Re: The Trunk: WebClient-Core-topa.112.mcz

Tobias Pape
Followup 2:

> On 31.10.2017, at 18:03, Tobias Pape <[hidden email]> wrote:
>
> Followup
>> On 31.10.2017, at 17:54, Tobias Pape <[hidden email]> wrote:
>>
>>
>>> On 31.10.2017, at 07:51, monty <[hidden email]> wrote:
>>>
>>>> Sent: Friday, October 27, 2017 at 1:33 PM
>>>> From: "Tobias Pape" <[hidden email]>
>>>> To: "The general-purpose Squeak developers list" <[hidden email]>
>>>> Subject: Re: [squeak-dev] The Trunk: WebClient-Core-topa.112.mcz
>>>>
>>>>
>>>>> On 27.10.2017, at 18:40, monty <[hidden email]> wrote:
>>>>>
>>>>> This series of content decoding changes is not backwards compatible.

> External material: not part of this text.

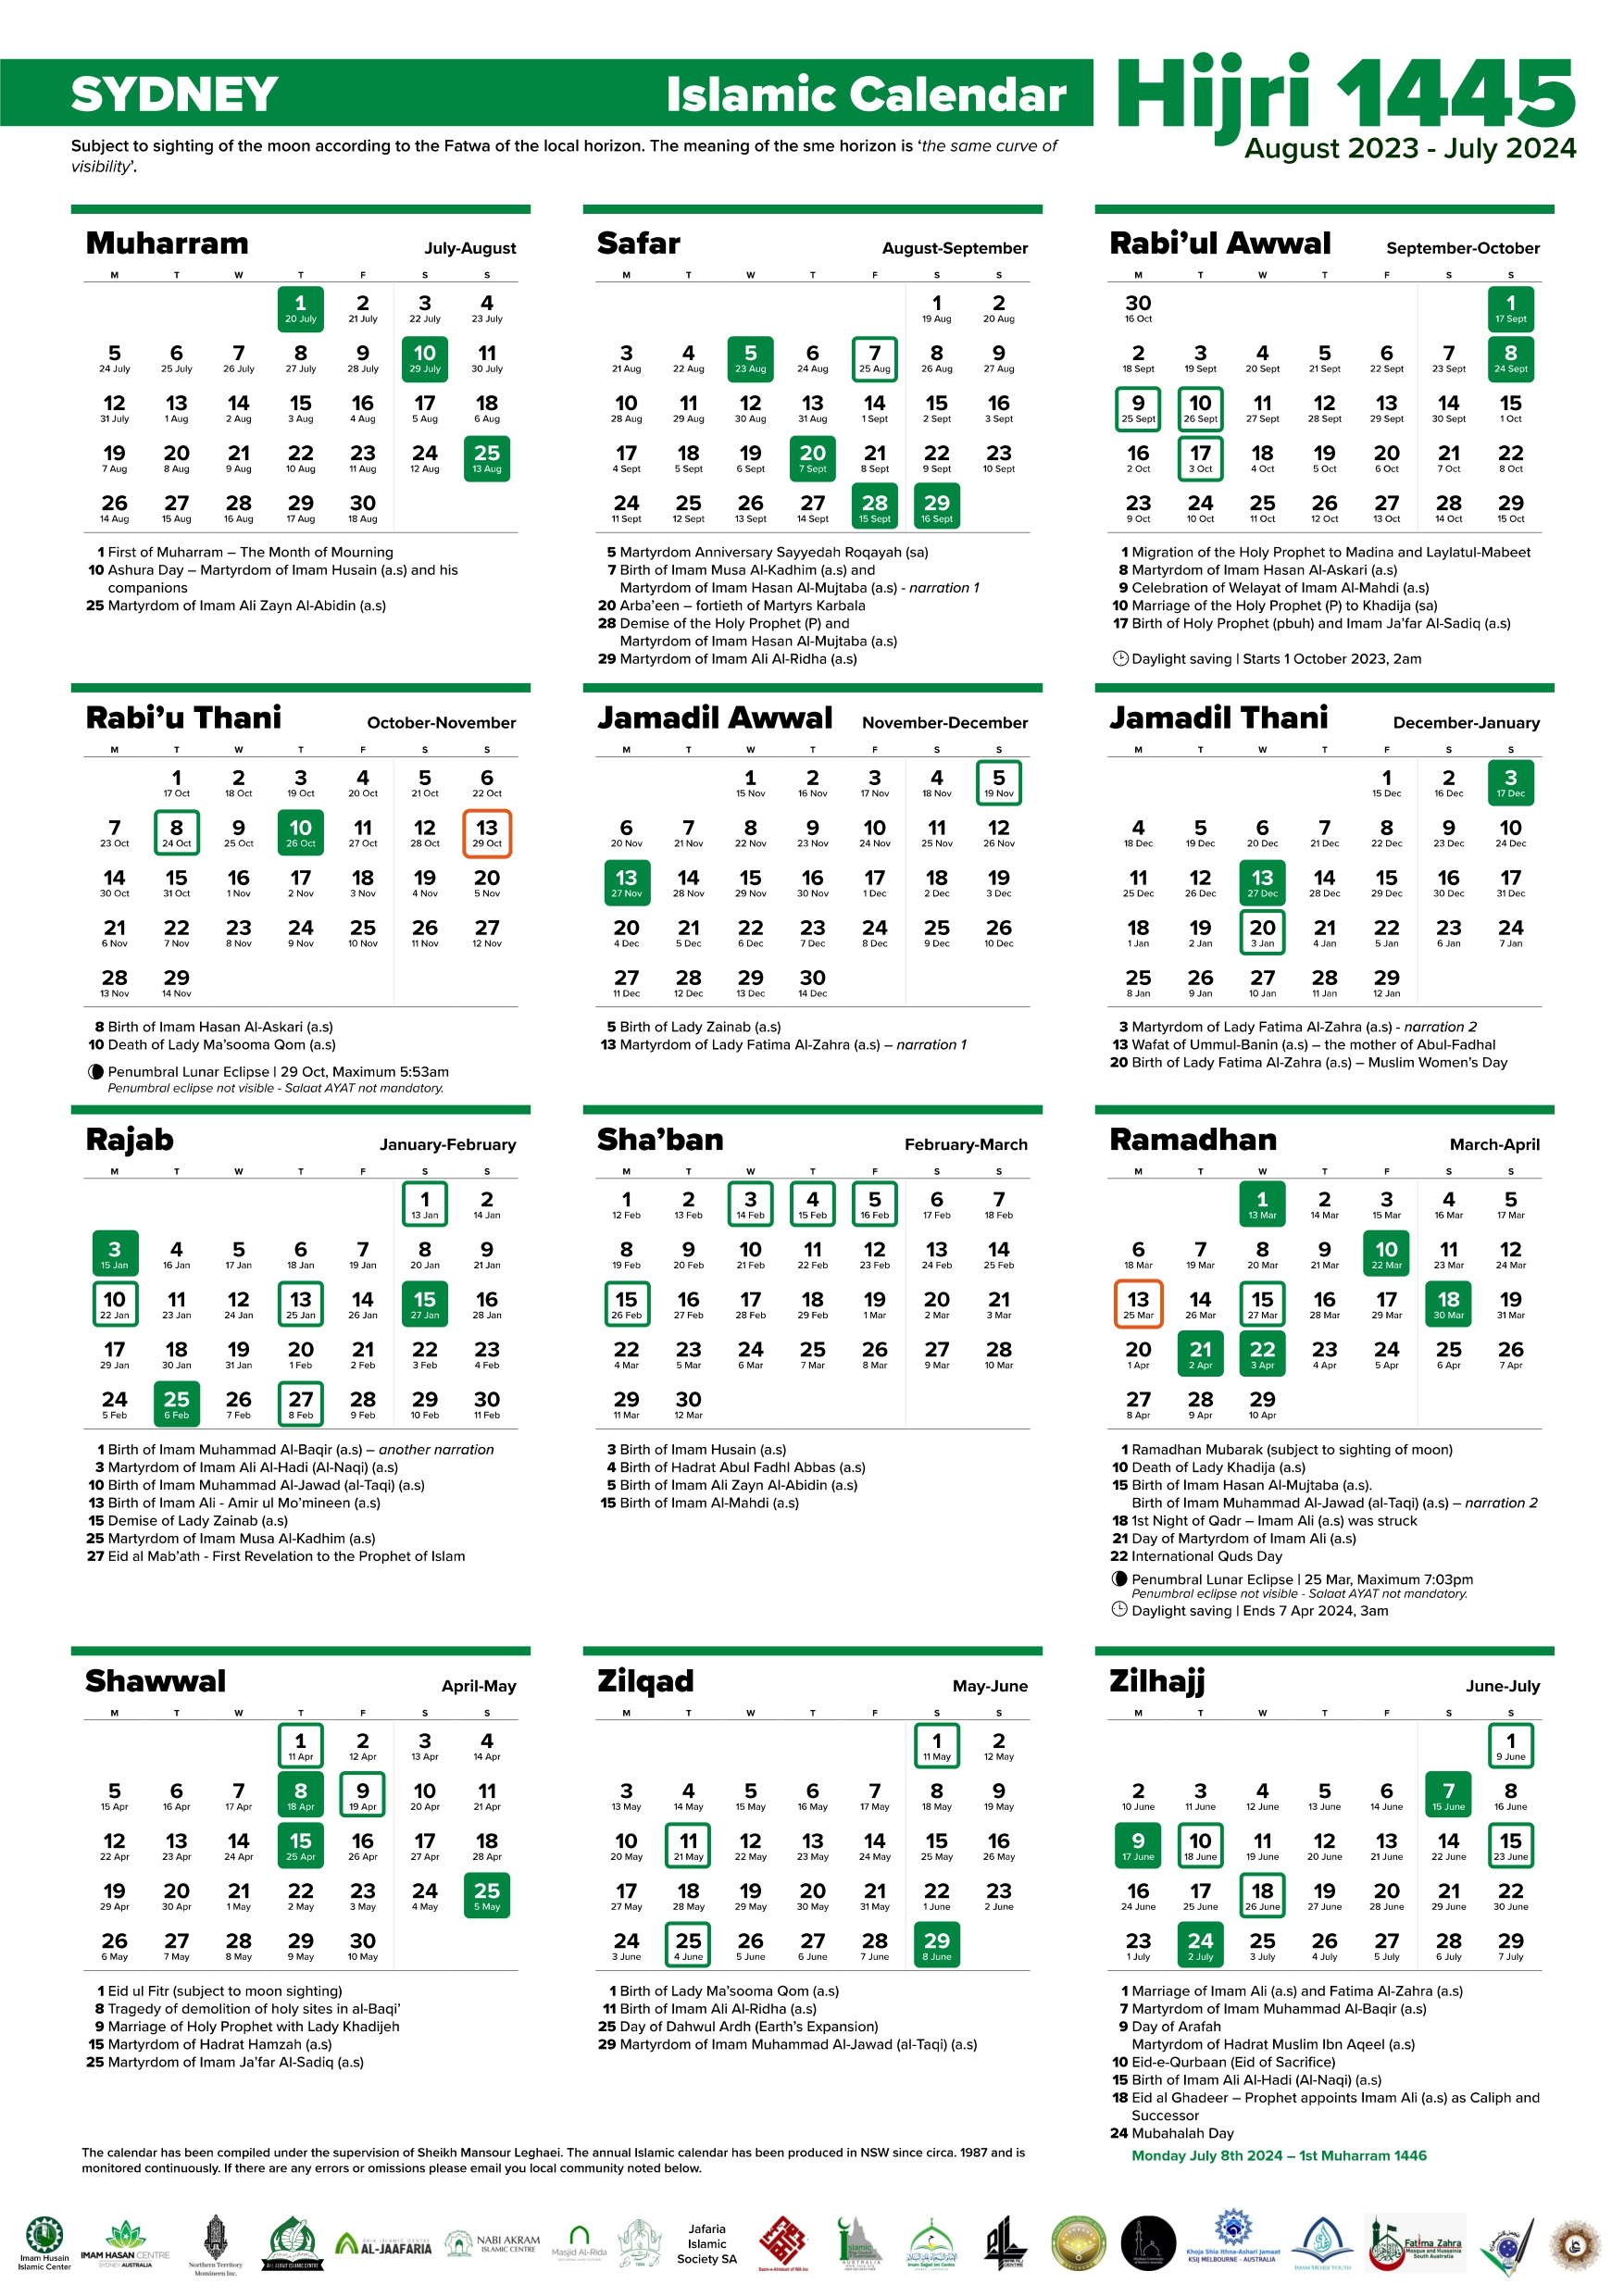 Annual Islamic Calendar 1445 Ah / 2023-2024 Ad – Imam Husain pertaining to 1 July 2024 In Islamic Calendar
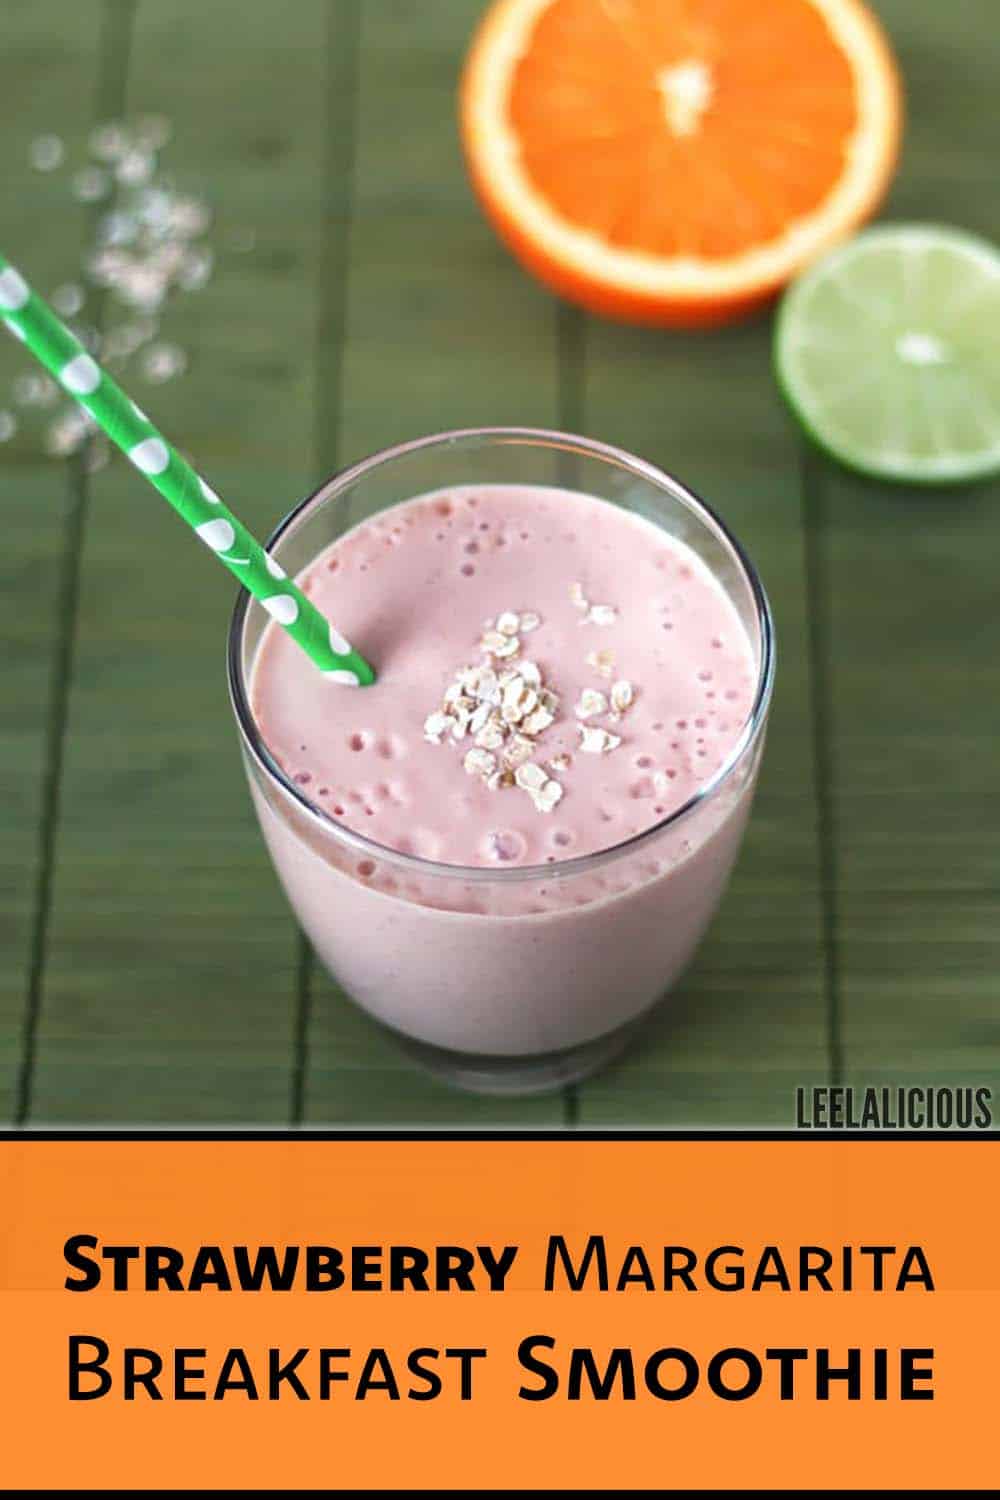 Strawberry Margarita Breakfast Smoothie Recipe » LeelaLicious

Existing code that does its own response decoding with the assumption that WebClient won't do it will now double-decode the response--corrupting it. But breaking existing code is probably worth it here because of the gains in intuitiveness and correctness.
>>>>>
>>>>> Is there any way to disable the automatic response decoding?
>>>>
>>>> That's problematic.
>>>> Some conversation was always done, you never ended up with mere Strings/ByteArrays.
>>>>
>>>> This is the old version, that opportunistically applied inflate/deflate:
>>>
>>> Which is part of the HTTP protocol itself and is meant to be applied before transit and removed after in a way that is entirely transparent to the application. By decoding the response content from UTF-8 or some other character encoding, you're directly modifying the content before giving it to the application, and in a way that is permanent and maybe incorrect.
>>>
>>
>> Yes, when the http-header says so?
>>
>> (see https://www.w3.org/Protocols/rfc2616/rfc2616-sec3.html)
>>
>> I don't see why handling the 'content-encoding' (section 3.5, eg, deflate), the 'transfer-encoding' (section 3.6, eg, chunked), and the 'content-type' (section 3.7, with 'charset') headers differently.
>> Actually, it probably should also handle the 'charset' (section 3.4) header, too.
>
>
> Also, the protocol says:
>
> "HTTP/1.1 recipients MUST respect the charset label provided by the sender"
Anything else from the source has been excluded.